Jacques Rancière, A noite dos proletários, 1981.

TRABALHO / “O Programa de Gotha já continha elementos dessa confusão. Nele, o trabalho é definido como “a fonte de toda riqueza e de toda civilização”. Pressentindo o pior, Marx replicou que o homem que não possui outra propriedade que a sua força de trabalho está condenado a ser “o escravo de outros homens, que se tornaram… proprietários”. Apesar disso, a confusão continuou a propagar-se, e pouco depois Josef Dietzgen anunciava: “O trabalho é o Redentor dos tempos modernos… No aperfeiçoamento… do trabalho reside a riqueza, que agora pode realizar o que não foi realizado por nenhum salvador”. Esse conceito de trabalho, típico do marxismo vulgar, não examina a questão de como seus produtos podem beneficiar trabalhadores que deles não dispõem. Seu interesse se dirige apenas aos progressos na dominação da natureza, e não aos retrocessos na organização da sociedade. Já estão visíveis, nessa concepção, os traços tecnocráticos que mais tarde vão aflorar no fascismo. Entre eles, figura uma concepção da natureza que contrasta sinistramente com as utopias socialistas anteriores a março de 1848. O trabalho, como agora compreendido, visa uma exploração da natureza, comparada, com ingênua complacência, à exploração do pro-letariado. Ao lado dessa concepção positivista, as fantasias de um Fourier, tão ridicularizadas, revelam-se surpreendentemente razoáveis.

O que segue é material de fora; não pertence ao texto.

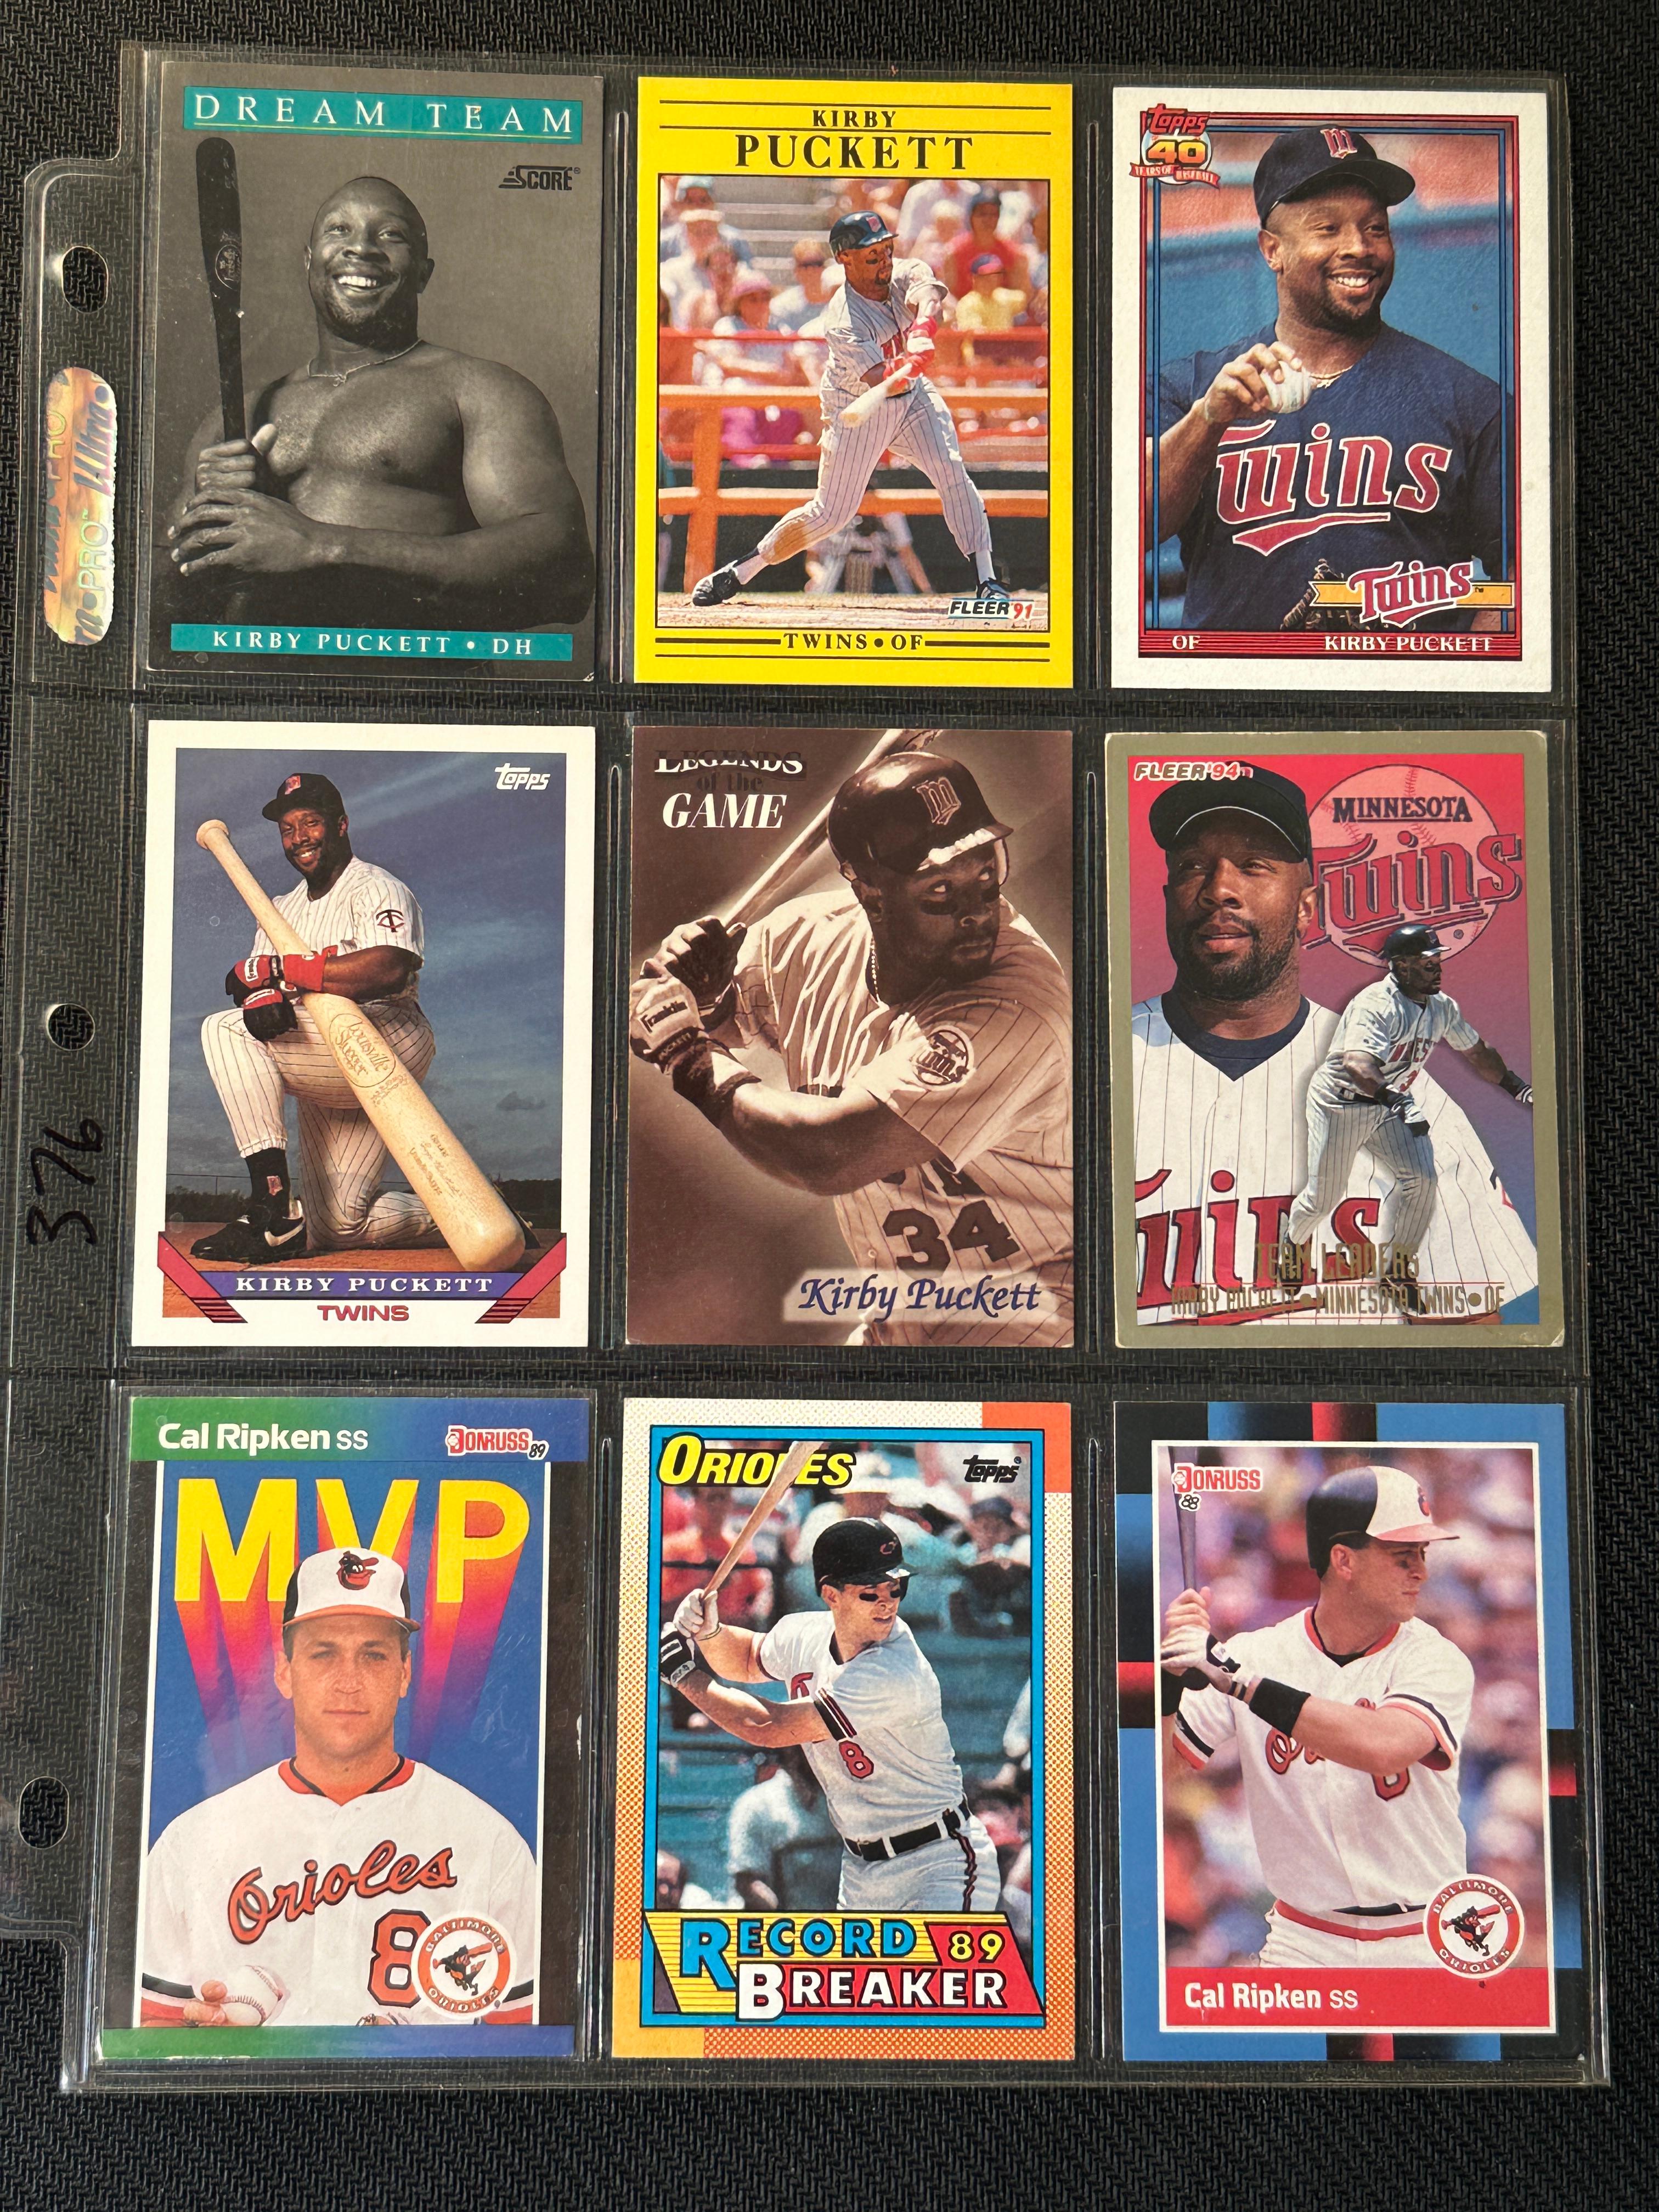 9 Card Baseball Lot in Pages - Different Players, years, conditions

Segundo Fourier, o trabalho social bem organizado teria entre seus efeitos que quatro luas iluminariam a noite, que o gelo se retiraria dos pólos, que a água marinha deixaria de ser salgada e que os animais predatórios entrariam a serviço do homem. Essas fantasias ilustram um tipo de trabalho que, longe de explorar a natureza, libera as criações que dormem, como virtualidades, em seu ventre. Ao conceito corrompido de trabalho corresponde o conceito complementar de uma natureza, que segundo Dietzgen, `está ali, grátis´.” Walter Benjamin, Sobre o conceito de história, 1940.

VAZIO / Jouannais também nos conta essa historia: em 1953 Rauschenberg propõe à Willem de Kooning que lhe deixe um desenho para poder apagá-lo. Ele lhe entregou o melhor dos que tinha. Na atitude dos dois: “se revela paradoxalmente o summum do fetichismo do objeto y da forma, y dado que, por ultimo, tem escolhido o vazio por objeto sem que essa opção seja paradigmática da obra nem represente uma eleição exclusiva por parte do artista.